Camille Cheng

Personal information
- Full name: Camille Cheng Lily-mei
- National team: Hong Kong
- Born: 9 May 1993 (age 33) Hong Kong

Sport
- Sport: Swimming
- Strokes: Freestyle
- College team: University of California, Berkeley

Medal record
Asian Games
| Silver medal – second place | 2018 Jakarta | 4×100 m medley |
| Bronze medal – third place | 2014 Incheon | 4×100 m freestyle |
| Bronze medal – third place | 2014 Incheon | 4×200 m freestyle |
| Bronze medal – third place | 2018 Jakarta | 4×100 m freestyle |
| Bronze medal – third place | 2018 Jakarta | 4×200 m freestyle |
| Bronze medal – third place | 2022 Hangzhou | 4×100 m medley |
| Bronze medal – third place | 2022 Hangzhou | 4×100 m freestyle |

= Camille Cheng =

Hong Kong swimmer (born 1993)

Camille Cheng Lily-mei (鄭莉梅; born 9 May 1993) is a Hong Kong competitive swimmer.

She qualified to the 2016 Summer Olympics in Rio de Janeiro, and was selected to represent Hong Kong in the women's 50 metre freestyle, 100 metre freestyle, 200 metre freestyle, and 4x100 metre medley relay.

She subsequently represented Hong Kong in the 2020 Summer Olympics in Tokyo, where she competed in the 4 × 100 m medley relay, 4 × 100 m freestyle relay and the 4 × 200 metre freestyle relay.

In 2024, Cheng represented Hong Kong again in the 2024 Summer Olympics in Paris where she swam the women's 4 x 100 metre freestyle relay.

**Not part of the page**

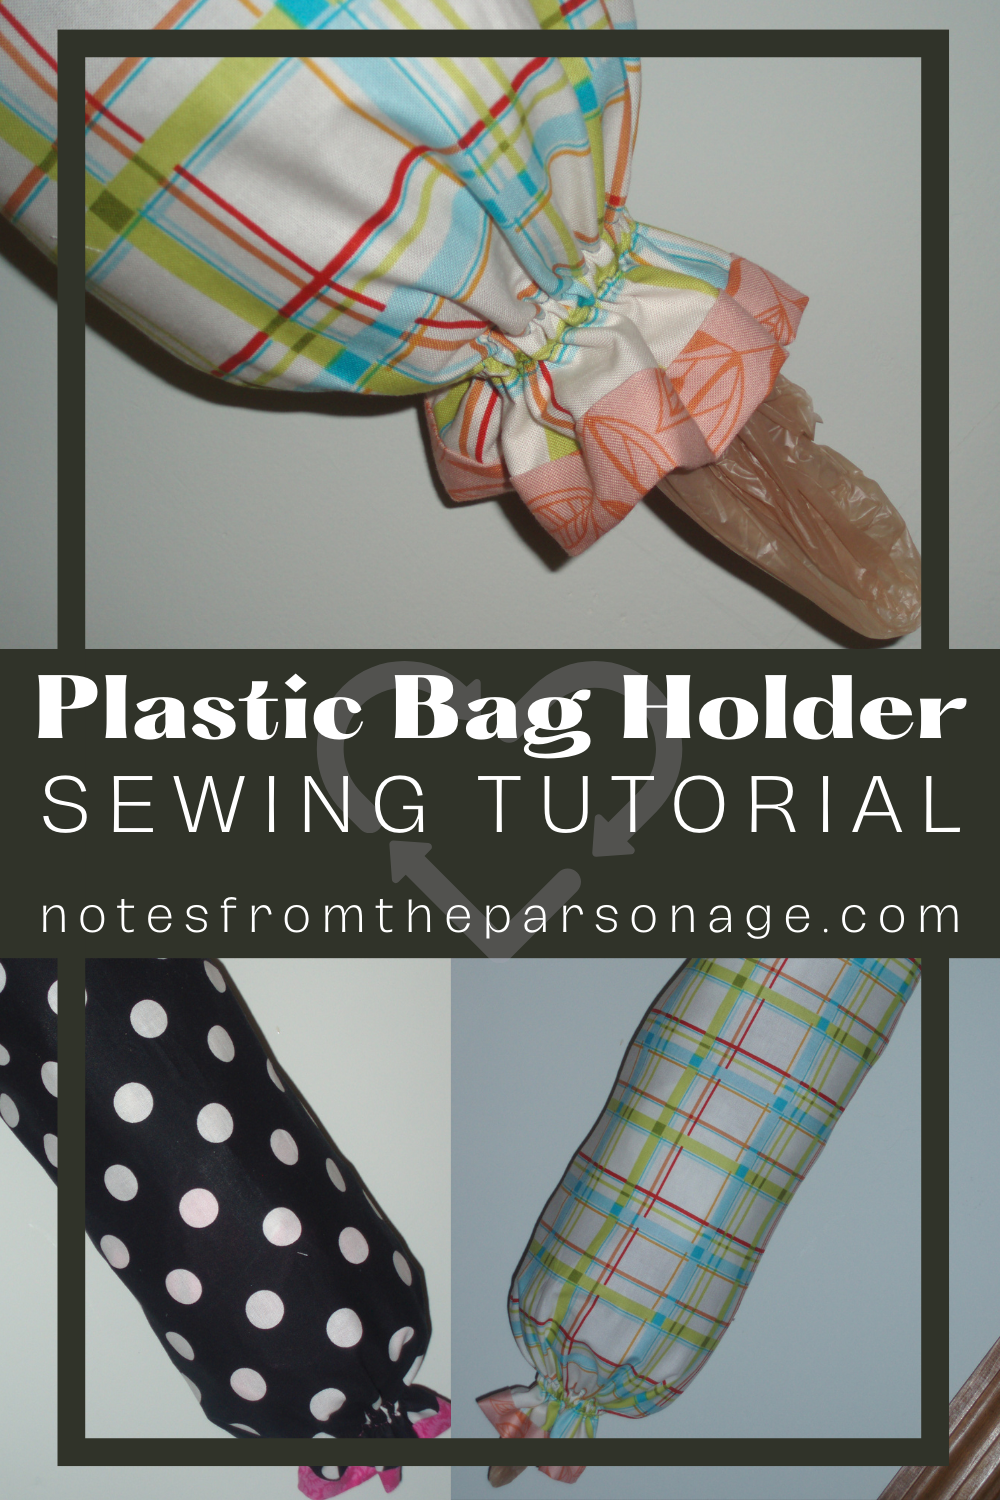 Image collage of finished plastic bag holders with "plastic bag holder sewing tutorial" written in the middle.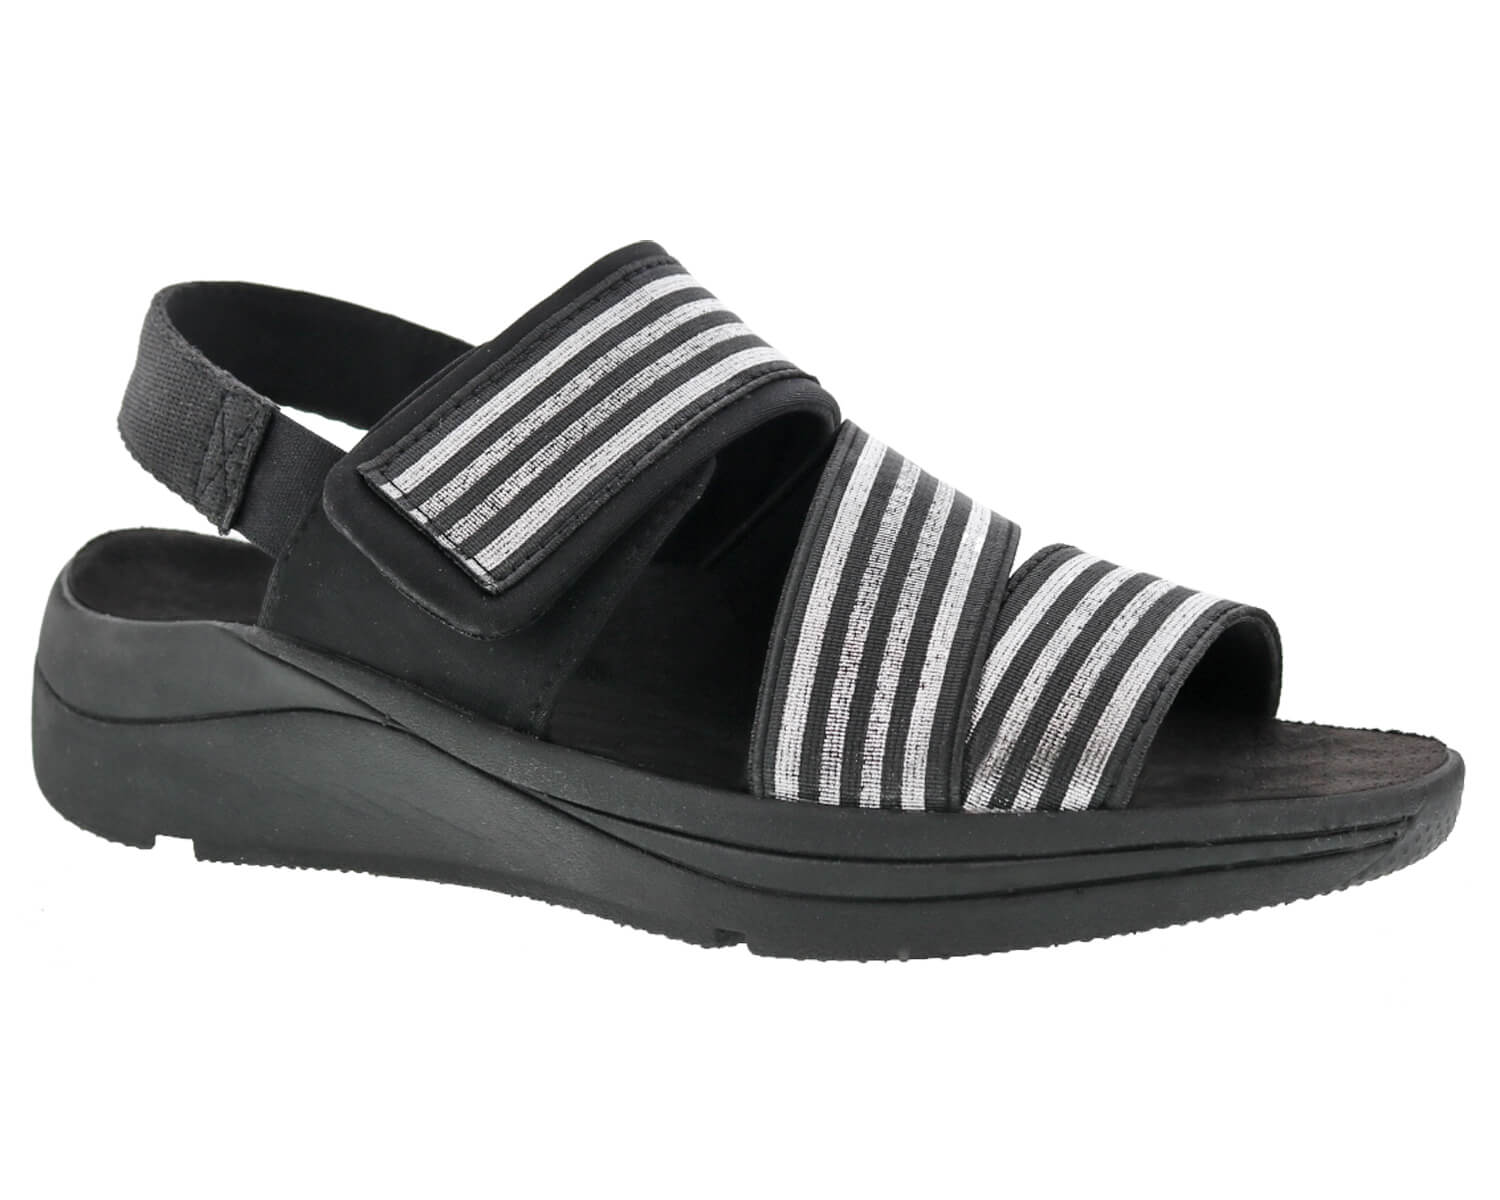 Drew Shoes Sutton 17201 Women's Casual Sandal - Comfort Therapeutic Sandal - Removable Footbed

==Early life, education and career==

Born on 9 May 1993 in Hong Kong to a Taiwanese father Cheng Wong-ping and French mother Catherine. She speaks French, English and Mandarin. She went to French International School until the age of nine, when her family moved to Beijing for her father's engineering job. She attended the International School of Beijing.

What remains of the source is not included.